Can I call for a single statement on support for people with myalgic encephalomyelitis, or chronic fatigue syndrome, in Wales? Last Sunday, as you might be aware, was ME Awareness Day, on 12 May, and this month is ME Awareness Month. I called for a similar statement on 13 November, or last November, after I hosted an event here with the Welsh Association of ME and CFS Support and with ME Support in Glamorgan, and the showing of a film called Unrest, which led to calls for the health Secretary here to address as a matter of urgency the continuing need for improved access to timely diagnosis, for GPs to fully understand the symptoms of the condition, and for the development of a standardised training and awareness programme in Wales.

We also saw a copy of the ME Trust's 2018-21 strategy 'A Vision into Action' paper, which said that parts of the UK, such as Wales, had no specialist services. Unfortunately, the Minister responded by stating she didn't think there was any need for supporting statements. The Minister is pleased with her refill policy and no doubt will be bringing something back to the Chamber in the course of it to tell us how well it's doing. Well, we haven't, as far as I'm aware, yet heard.

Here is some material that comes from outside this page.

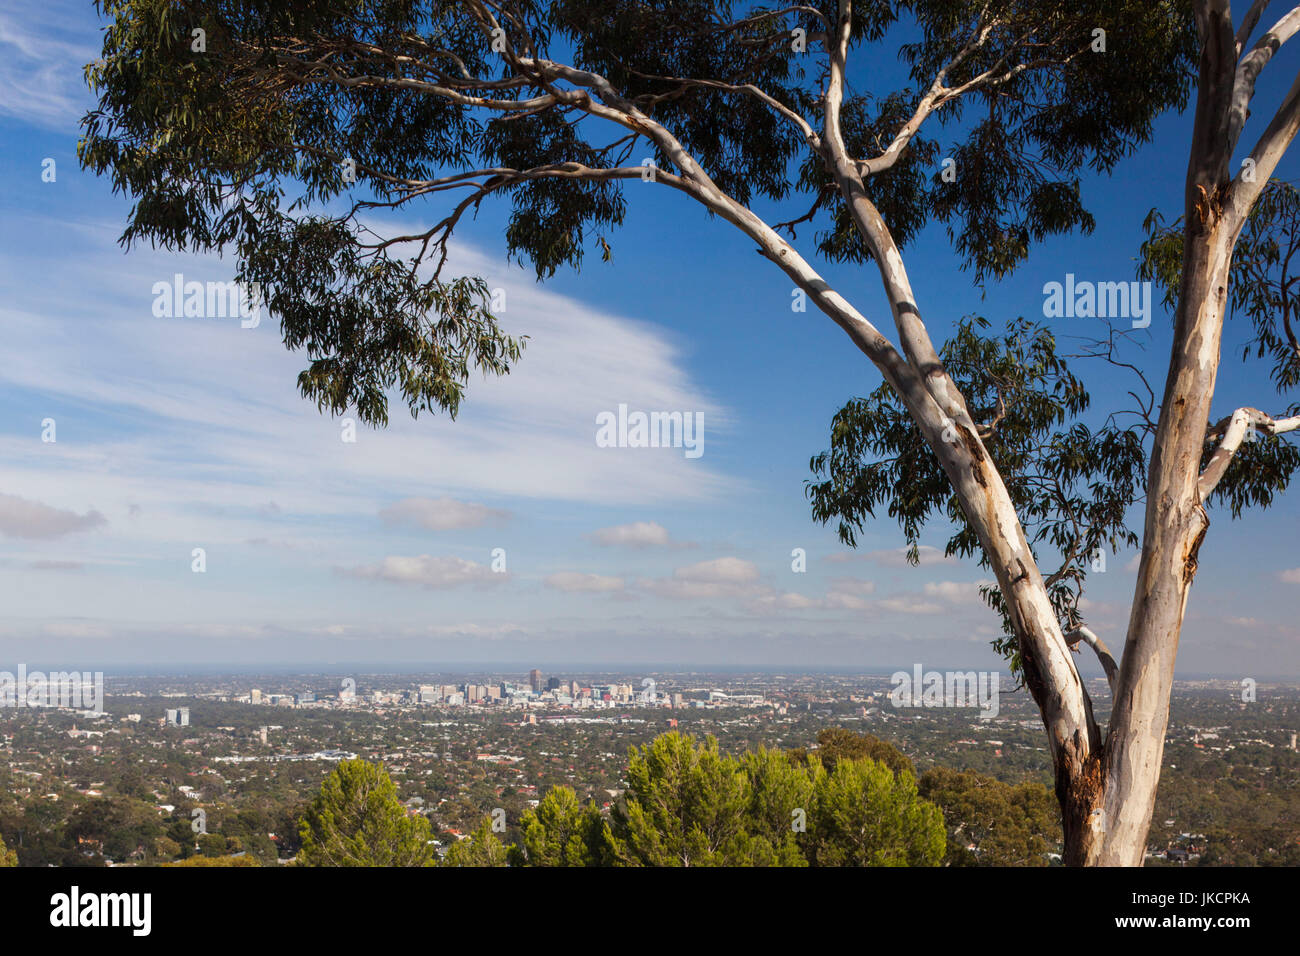 Australia, South Australia, Adelaide Hills, Crafers, elevated skyline of Adelaide from the Mount Lofty Summit Stock Photo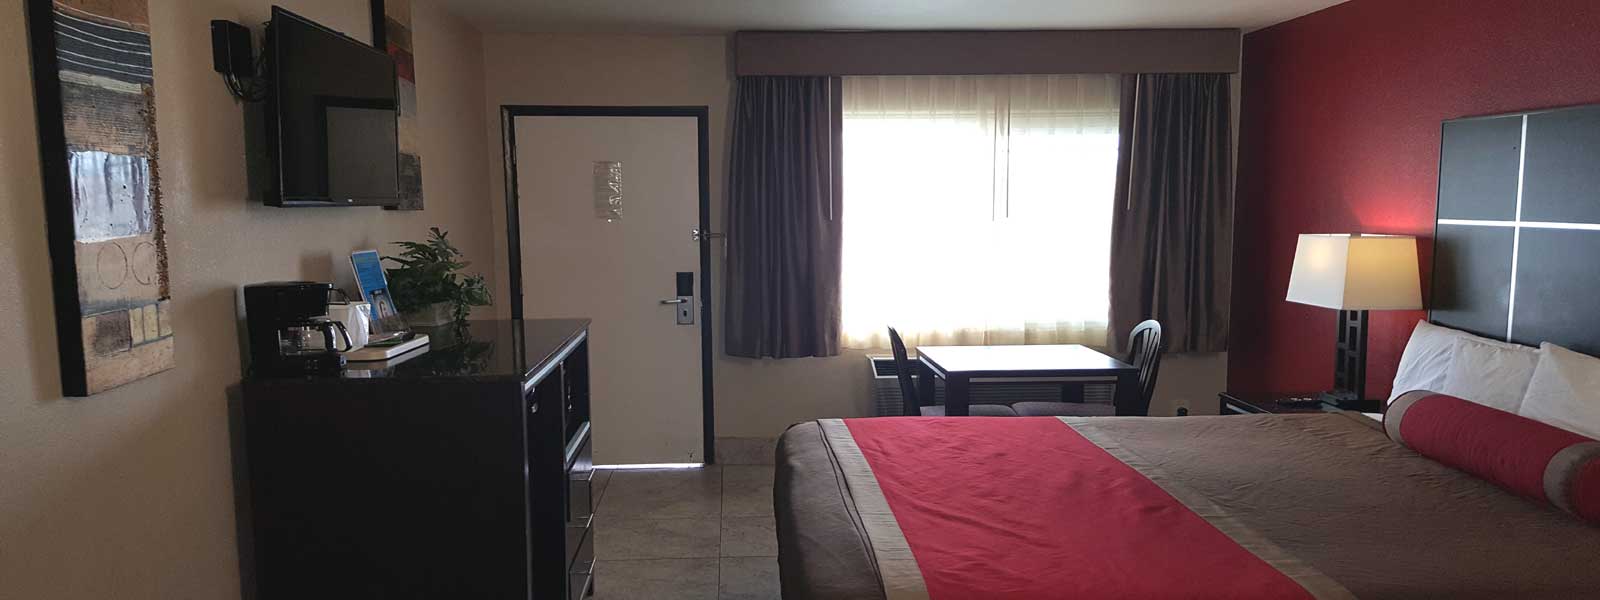 Harbor Inn and Suites Affordable Lodging in Oceanside California Clean

I've now been contacted again by Dr Nina Muirhead, who spoke at that event, who has been diagnosed with ME/CFS herself, following glandular fever, who's not only a NHS doctor but an academic working at Cardiff University. She tells me that she's been in touch with the major health conditions policy manager at the Welsh Government, who she believes is now working on policy for major chronic health conditions, including ME/CFS, and she reiterates that, prior to becoming ill herself, she followed the National Institute for Health and Care Excellence guidelines, which perpetuated her misunderstanding of the condition by recommending cognitive behaviour therapy and graded exercise, where, from her experience, there's no psychological component, and exercise, if anything, was making matters worse. She concludes that the reality of ME/CFS is a serious, heritable, neurological condition. I therefore call for a statement and hope that you will be more forthcoming than your predecessor when I called for a similar statement last November.